Why do Indians worship cows?

Jayne Brown, my good friend, and a blessed native English writer in the UK asked me a question: “Hello Udaylal Pai my friend, I wanted to ask why is the cow, in particular, a sacred animal in Hinduism? I know many Indians are vegetarian due to respecting animals. I just wondered what is the story/mythology behind this particular tradition ? I know if anybody will know, it is you. Thanks”
Another friend, New Delhi-based Silky Kapoor also wants to know it. (As required I am tagging both in FB, usually, I don’t)
In Western culture, you don’t see dog meat, cat meat, or even horse meat. Why? These are the animals people have in their homes and form a special bonding with.
People in the Vedic period – that’s 7000 years ago – were primarily pastoral. Since then many Indians have relied on cows as a source of milk, yogurt, butter, and ghee (that is also used in Vedic rituals). Its milk is fed to infants and adults. Cow dung is used as fertilizer and fuel. Male progeny was vital for agricultural traction. It became a favorite and revered domesticated animal- a valued part of the family.
Anyone familiar with the mutual interdependence of environment, and ecology, and all other forms of life, will understand it easier. A cow gives all but does not take. It supports life. Despite its big size, a cow is a calm animal and non-threatening. In the agriculture-dependent ancient India, the gentle and milk-yielding cow acquired a ‘Maternal’ image and importance.
And millions started revering (not worshipping) the cow almost like their mother as her milk is considered nearest to the human mother. The characteristics and quality of the cow and the human mother are very close to each other.

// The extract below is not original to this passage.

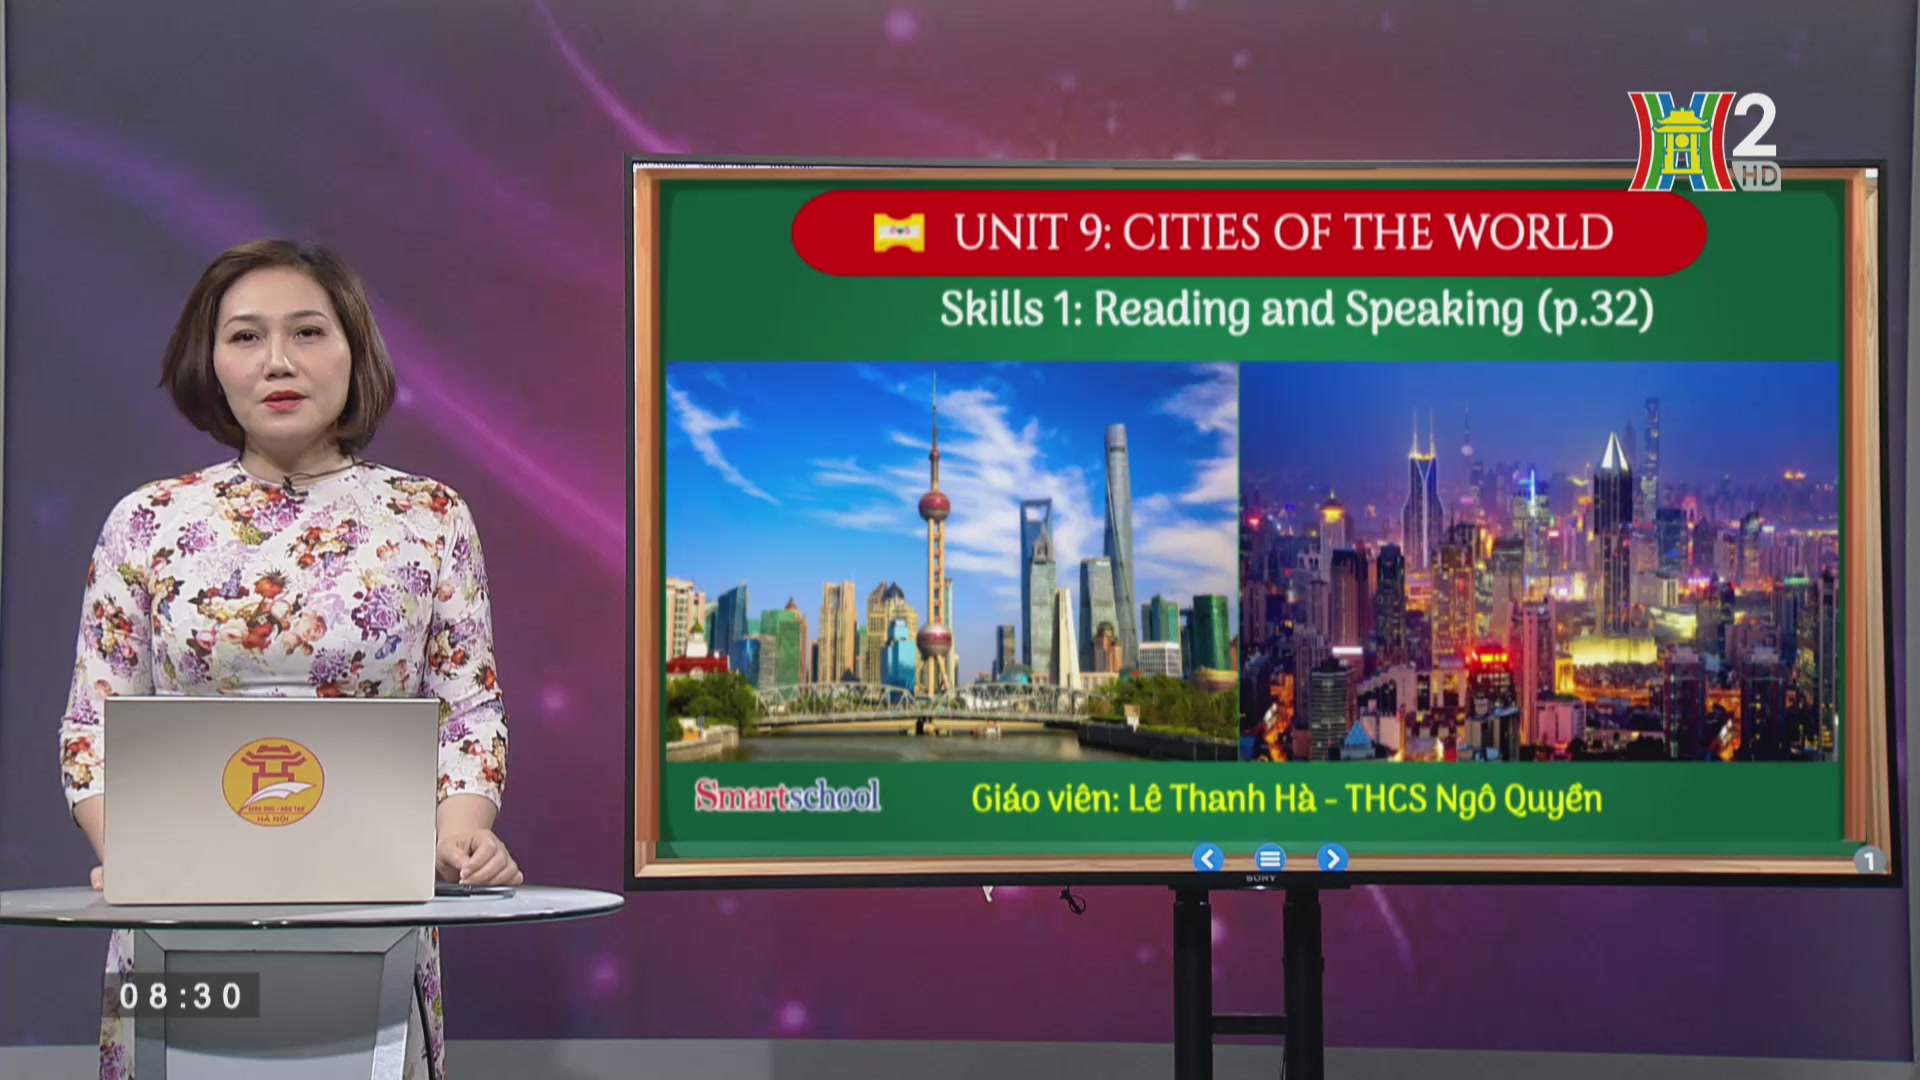 Tiếng Anh lớp 6: Unit 9 - CITIES OF THE WORLD - Skills 1 (8h30 ngày 16/4/2020)

Incidentally, the mother has first place, higher than God, in Hinduism. A Sanskrit proverb says: “Matha Pitha Guru Deivam” = Mother, Father, Teacher (don’t mistake with today’s supermarket Gurus) and then God. God is only in fourth place. Any logical thinking humanist would understand the importance of this hierarchy in a civilized and scientifically advanced culture.

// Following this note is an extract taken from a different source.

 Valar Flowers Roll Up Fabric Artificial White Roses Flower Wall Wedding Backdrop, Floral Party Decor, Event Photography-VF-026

Ancients also believed that respect and reverence given to the female in the family brings blessings and prosperity. The ancient most legal text in the world ‘Manusmriti’ instructs to revere the female (Nari). The cow was also considered a female family member. If you see old family photos, you would know that the cows are included as family members till recently!
So by cultural affinity and close association, the cow thus came to be the Gau-Mata (mother-cow) and some people even start to worship as a mother-goddess figure. Hindus also refer to Earth as Mother-Earth (Dharti Mata)! Even their country is a mother for them – Bharat Mata!
So no sane human had the heart to kill the cow. It was like killing mother to them. Vedas mentions animal (Pasu) sacrifice, but it clearly says a cow (Gau or Dhenu) shouldn’t be harmed. “If cows keep healthy and happy, men and women shall also keep disease free and prosperous,” says Vedas. It is more like looking at the cow as God’s special blessing and gift to the society which must be protected and cherished.
A related question from the WhatsApp Broadcast list reader: “Why do Hindus worship the cow?”
This question arises from the Ignorance of two facts. (1) The meaning of the word worship is totally different in Dharmic religion and Semitic religions.
The majority of the world follows Semitic religions. Most of the Semitic cults only worship ONE entity who they believe is omnipotent or creator. This worship is out of fear of retribution. The worshippers believe they must hate everything else to show their allegiance to their single God by being intolerant and offensive towards any other form or manifestation of God. That’s how belief-based religions condition their followers.
On the other hand, in Dharma-based religions like Hinduism, worship is an act of appreciation, respect, love, or gratefulness. Hindus find God’s presence in every animate and inanimate. Life energy (Brahmam) is living all around. Everything is the manifestation of God. They worship God in many forms, they worship their parents, they worship the greatness of the universe, knowledge, beauty (physical and mental), happiness, existence, birds, animals – because God is in all things. When you recite Lalitha Sahasranamam (in Brahmanda Purana) even hairs in the belly of the Goddess is worshipped! The supreme God Vishnu has taken 24 avatar that includes animals and aquatic creatures. In short, a Hindu sees divinity in each and everything. Hence the cow worship, if any, cannot be equated to that of a Semitic form of worship.
(2) You can’t say just Hindus. The Sikhs, Jains, and Buddhists also revere cows. So, broadly you can say Indians revere cows. All Hindus do not worship cows. But all sensible Hindus respect, honor and adore the cow. By honoring this gentle animal, who gives more than she takes, we honor all creatures – that’s the concept. However, some sects also worship cow as Goddess ‘Kamadhenu’, a miraculous, sacred wish-cow that grants all your wishes and desires.